Tate Williams, field director for the Global Orphan Project, chuckles just enough to create tiny ripples in his cup of coffee. The laughs come from an attempt to articulate his experience of receiving a “clear, direct and urgent call from the Lord” to go to Haiti.
It happened in January 2010, right after an earthquake ravaged the country, which Williams couldn’t get out his mind. The young man described the sensation as an impression on his heart and mind — “Haiti or else.”
Shortly after, Williams ended up in the Dominican Republic helping with the supply chain set up by The Global Orphan Project. The GO Project concentrates on moving bulk quantities of rice, beans, and filtered water into Haiti, one of the first aid organizations to do so.

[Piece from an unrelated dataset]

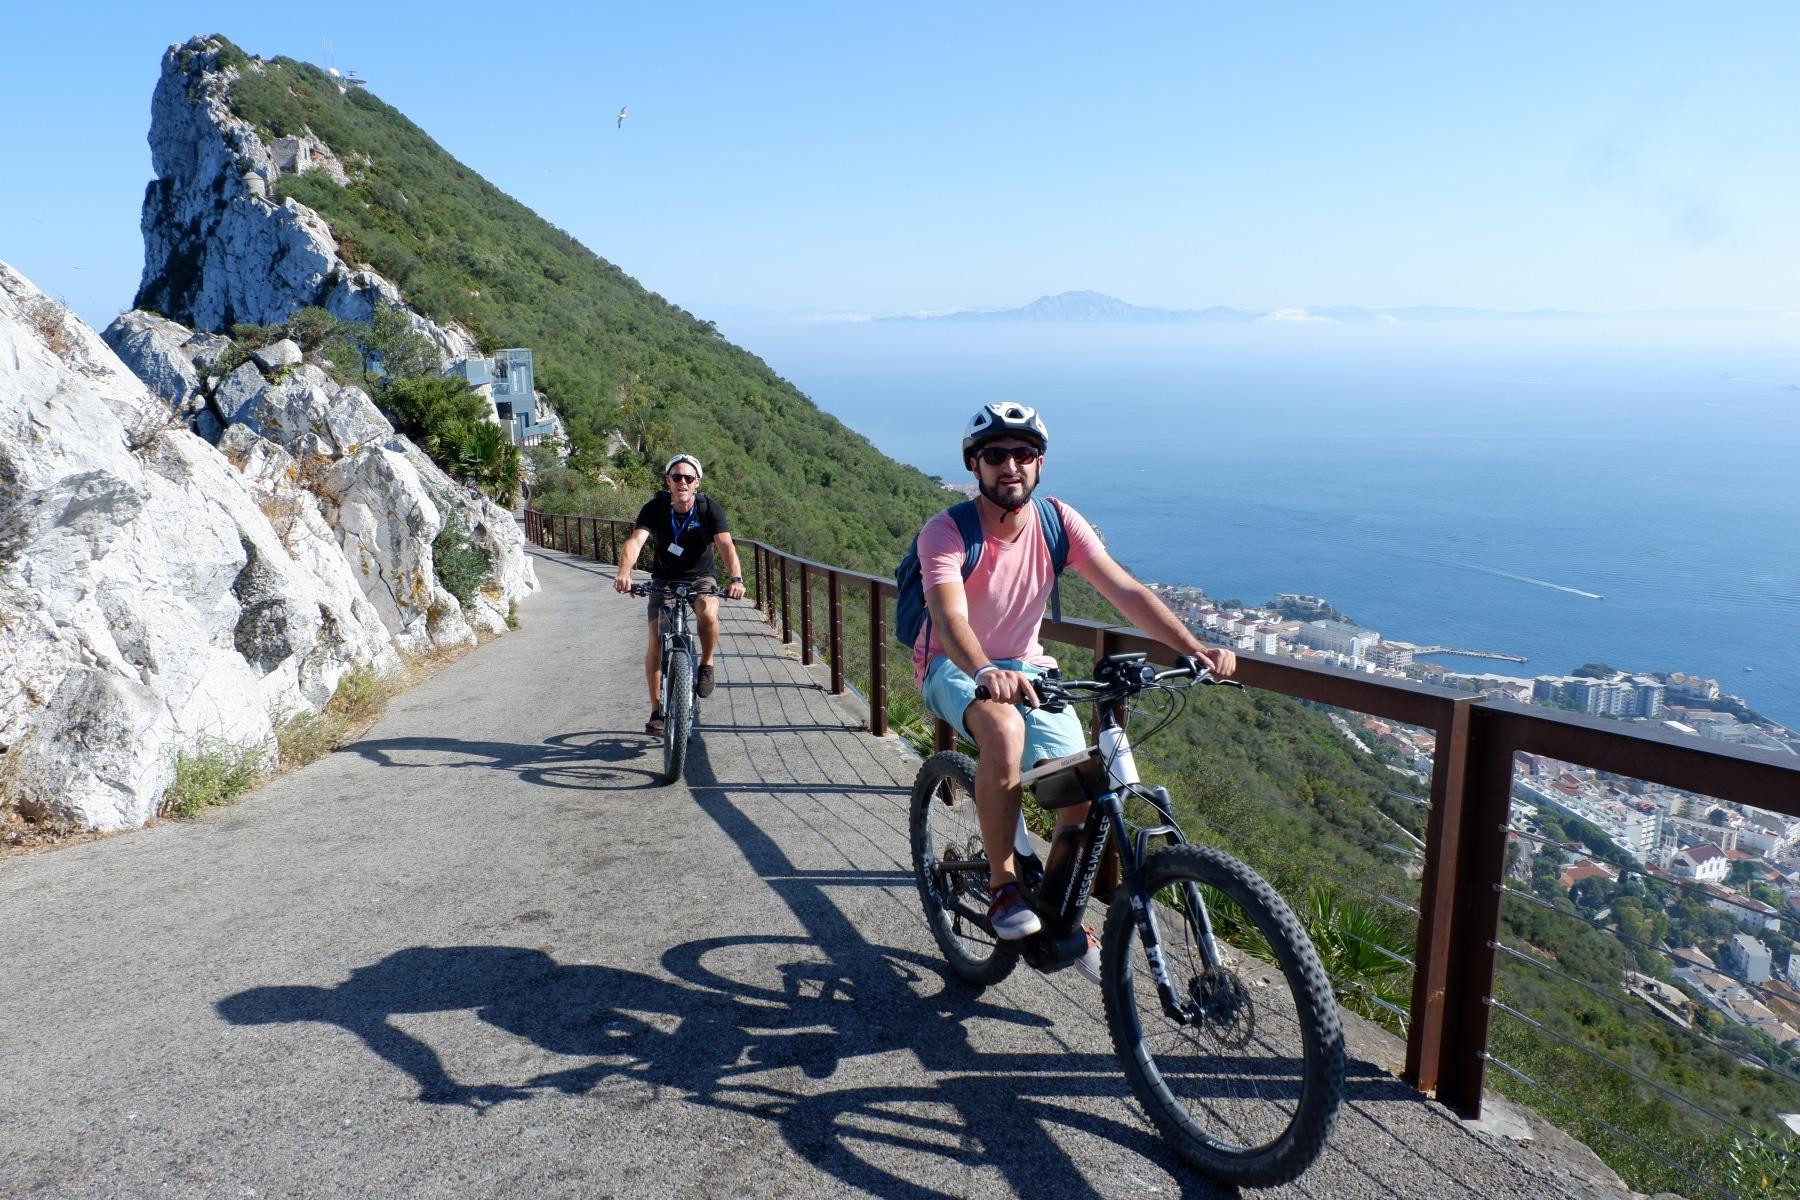 23-jun-2019-blogueros-espaoles-de-viajes-visitan-el-pen_48131154337_o

However, GO doesn’t just directly aid orphans, but rather enables the native communities that surround them. The operational model is unique in that its focus is on the empowerment of local churches to take on the actual responsibility of care.
“Everyone must come to the place of realizing that we are not the savior, money is not the fix, and the community itself has to be the ones to care for themselves.”
GO provides resources, guidance and support, while local partners care for orphaned, abused and neglected children.
After a couple of weeks in the Dominican, Williams crossed the border into Haiti where he spent several more weeks as a volunteer. He was an unlikely choice for a first responder. In regular life, he was a custom carpenter and forest serviceman. He described his younger self as a nominal Christian, believing that, “the point of life was to bide your time till heaven.”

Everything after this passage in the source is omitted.